“One point five to stay alive” - Three ways the Caribbean's private sector can mobilize climate action
Firstly, agriculture matters to Caribbean economies, accounting for over 6 percent of GDP in the Dominican Republic and Jamaica. If business-as-usual continues, Jamaica, e.g., will have 25 percent less arable land by 2050, according to University of West Indies. However, relatively small investments can revolutionize the sector.
As a recent blog explained, adaptation strategies minimize weather risks and cultivate high-value, weather-resistant crops, especially in response to longer periods of drought affecting the region. Large and multinational companies that depend on supply chains can provide education and training to strengthen supplier sustainability. New strategies include crop diversification, improvement of agricultural infrastructure (water adaptation), crop calendar modifications, soil conservation, reforestation and establishment of food storage systems. Mainstreaming climate considerations in agricultural management can transform how businesses approach agriculture and how agriculture withstands climate events.
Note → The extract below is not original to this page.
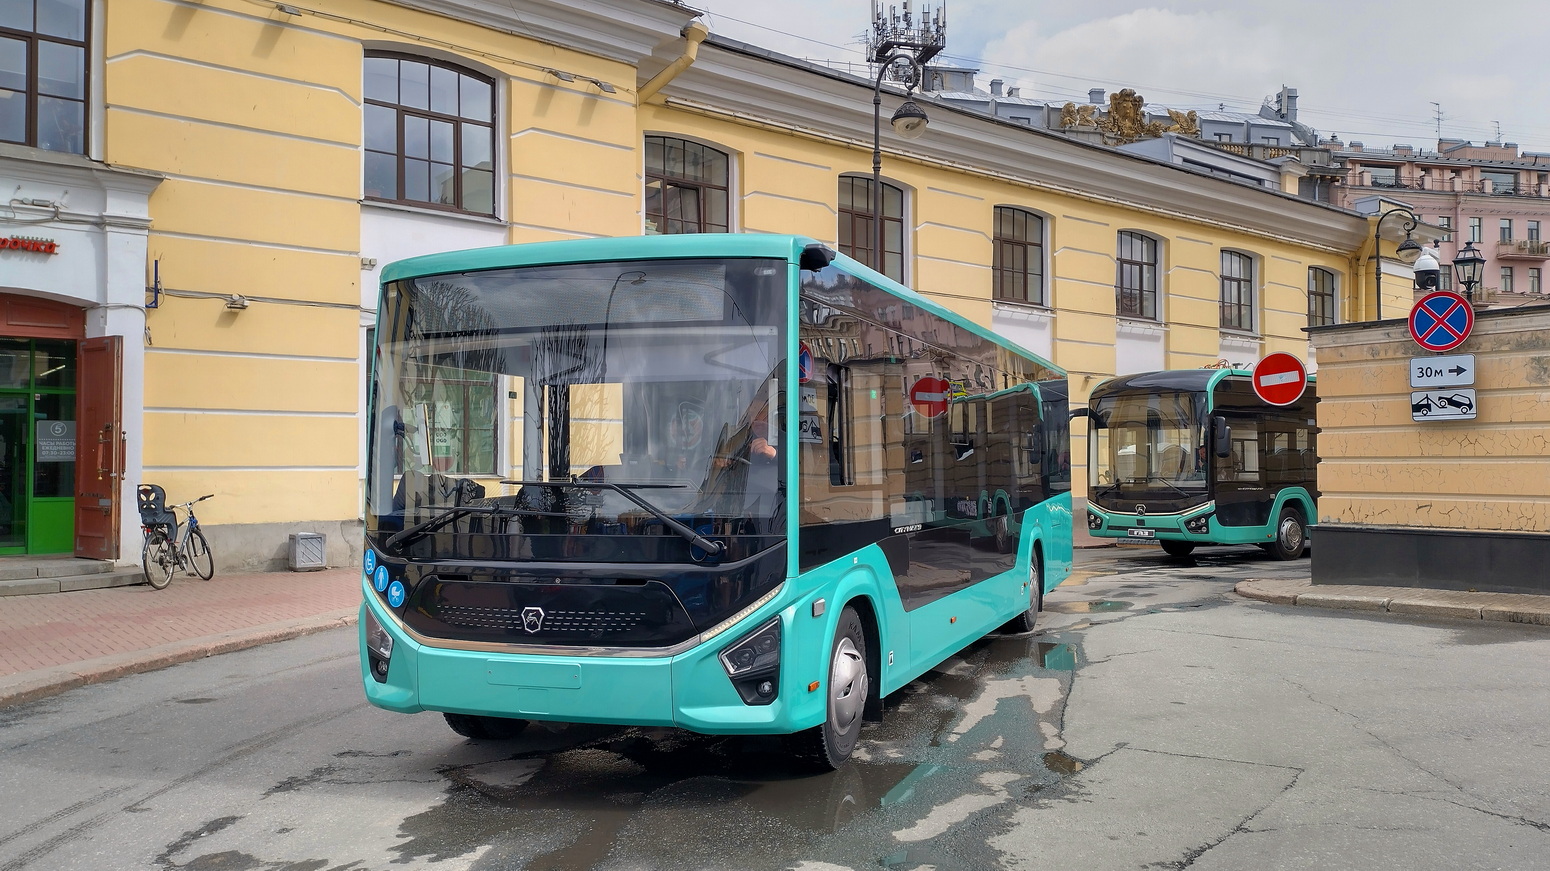 Nizhegorodskaya region, PAZ-422320-04 "Citymax 9" Nr. Citymax 9; Sankt Petersburg — III International Transport Festival "SPbTransportFest-2022"

Local commercial banks have instruments to provide financing and guarantees for these new strategies. The Green Climate Fund and the Catastrophe Risk Insurance Facility are two mechanisms that target agriculture in the Caribbean, supporting businesses and their employees.
Investments in renewable energy offer practical support to achieve climate pledges. Even though the Caribbean contributes a meager 0.3 percent to global greenhouse gas emissions, diversifying its energy matrix could reduce energy costs and promote energy security. Renewables in oil-dependent Jamaica could lower the average electricity costs 67 percent. That decline could significantly impact economic growth in a country spending 30 percent of GDP importing oil.
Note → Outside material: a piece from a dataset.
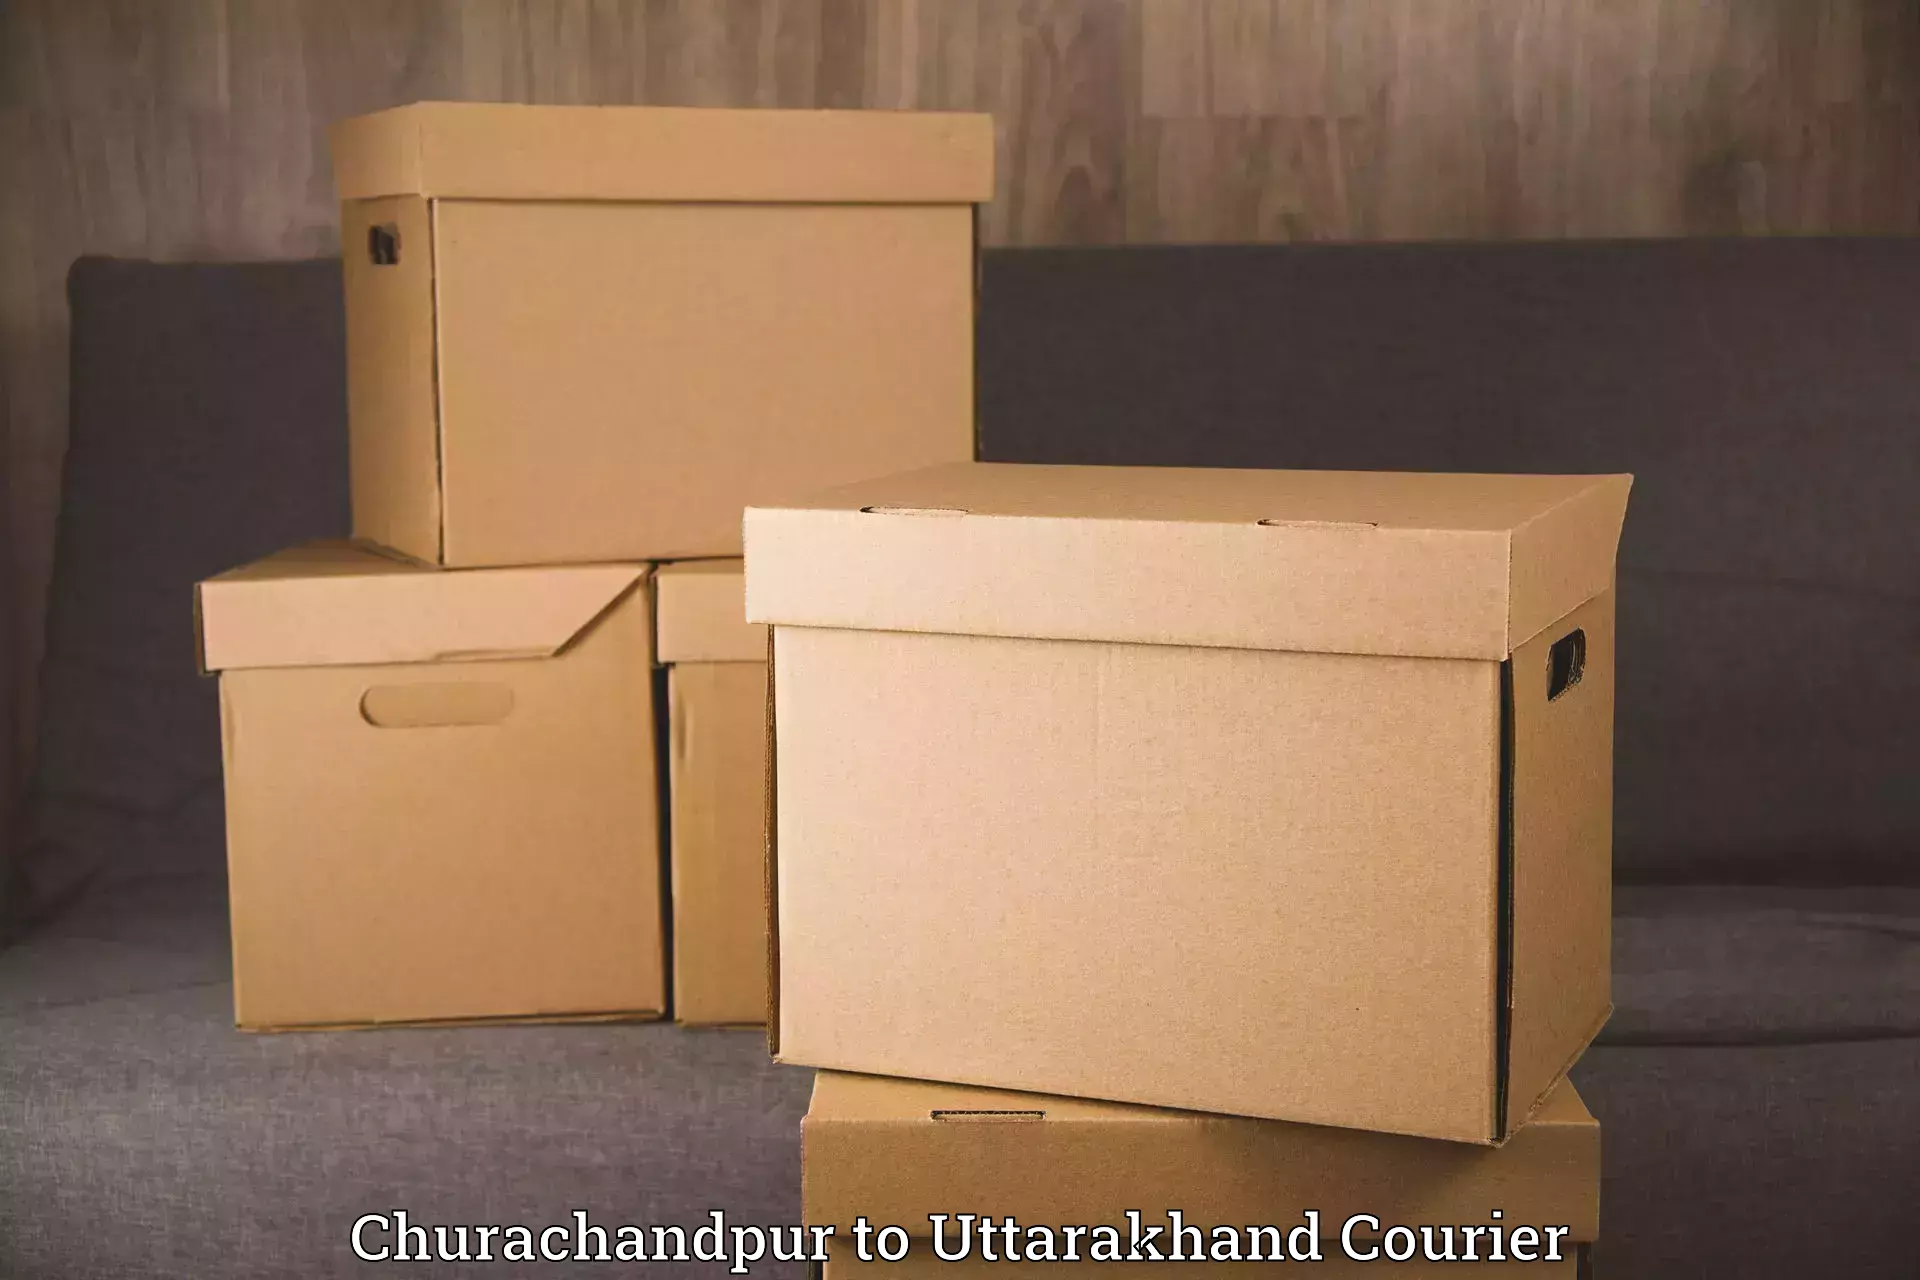 Furniture transport service Churachandpur to Gumkhal

To promote a more circular economy, investments in biomass, geothermal, grid-connected and off-grid hydroelectric, on and offshore wind and photovoltaic solar promise diversification. Few private energy developers are in the Caribbean at present. Multilaterals and donor funds like Climate Investment Funds are well-positioned to partner and take some of the first-mover risks.
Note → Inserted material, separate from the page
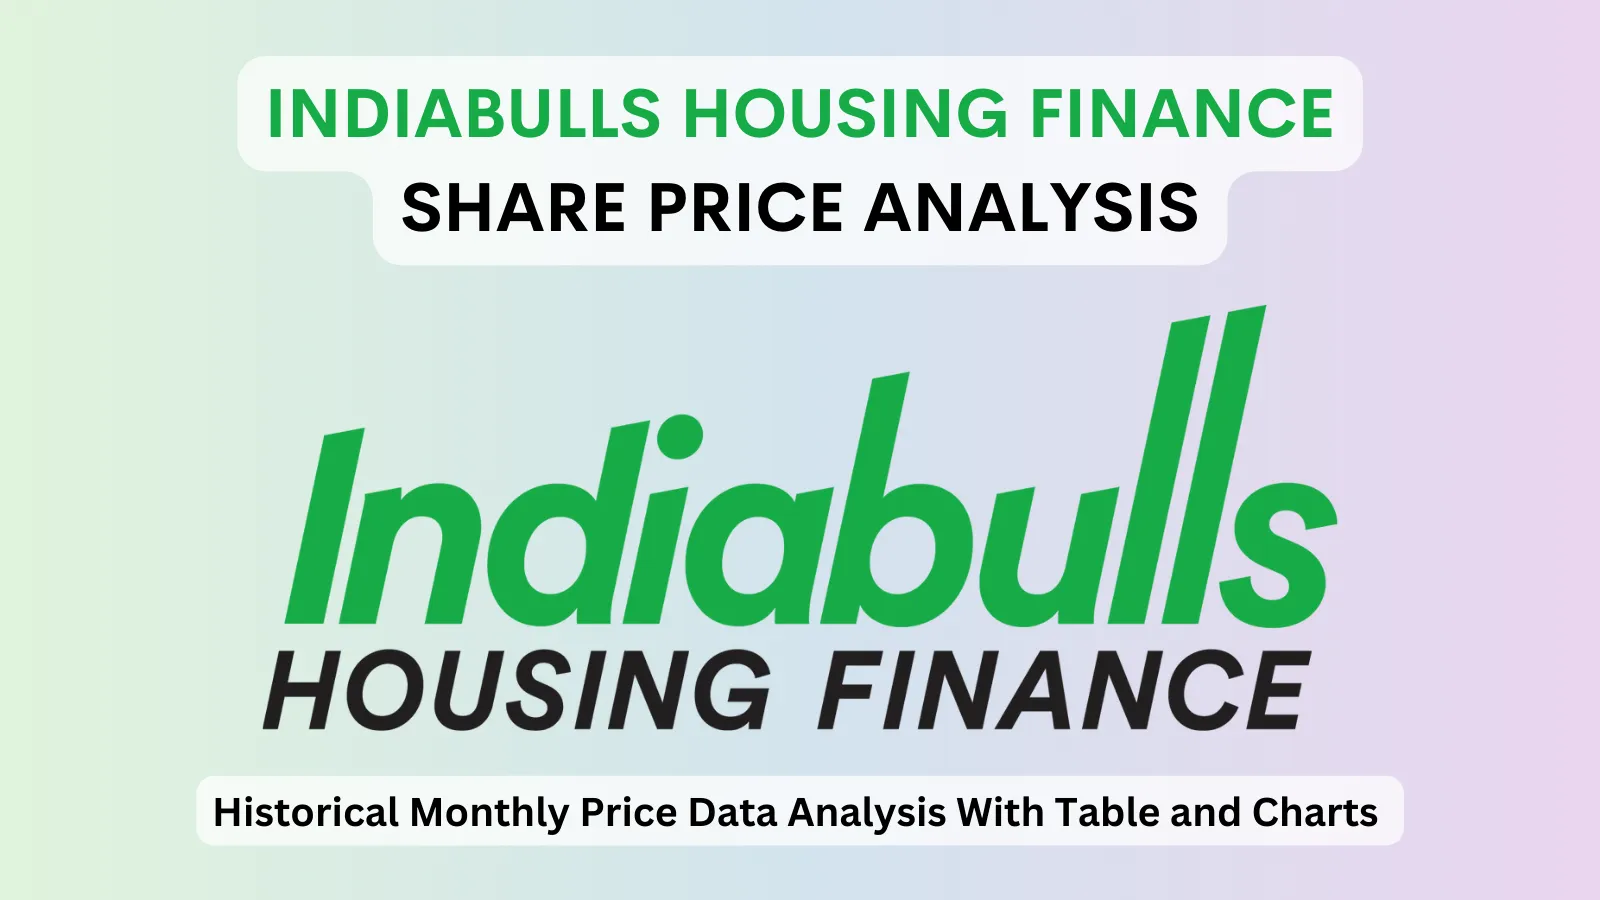 Indiabulls Housing Finance share price analysis

Lastly, tourism makes up 30 percent of GDP in the Caribbean. Tourism's expansion is a source of jobs and business growth. Climate-friendly tourism investments include sustainable agricultural supply chains and the incorporation of renewable energy and energy efficiency in hotels, restaurants, and other tourist establishments. An IDB partnership is currently piloting the concept of Smart Islands in Belize, the Bahamas and Trinidad & Tobago. The goal is to test, demonstrate and scale up best low-carbon practices in transport, water, energy and tourism.
In Kingston, Jamaica, the IDB is financing the country’s first-ever LEED-certified hotel (Leadership in Energy and Environmental Design) with state-of-the-art insulation and solar panels to heat water and minimize its footprint. The hotel will be less expensive to operate and more inclined to attract eco-minded travelers.
The #1point5tostayalive campaign aims to attract support to the Caribbean’s negotiating position in the run-up to COP21. As a recent contribution to the Sustainable Business blog indicated, talking with the private sector could move the needle toward this goal given its role advancing climate finance, voluntary reduction commitments and carbon pricing. Countries in the Caribbean count on such leadership now more than ever.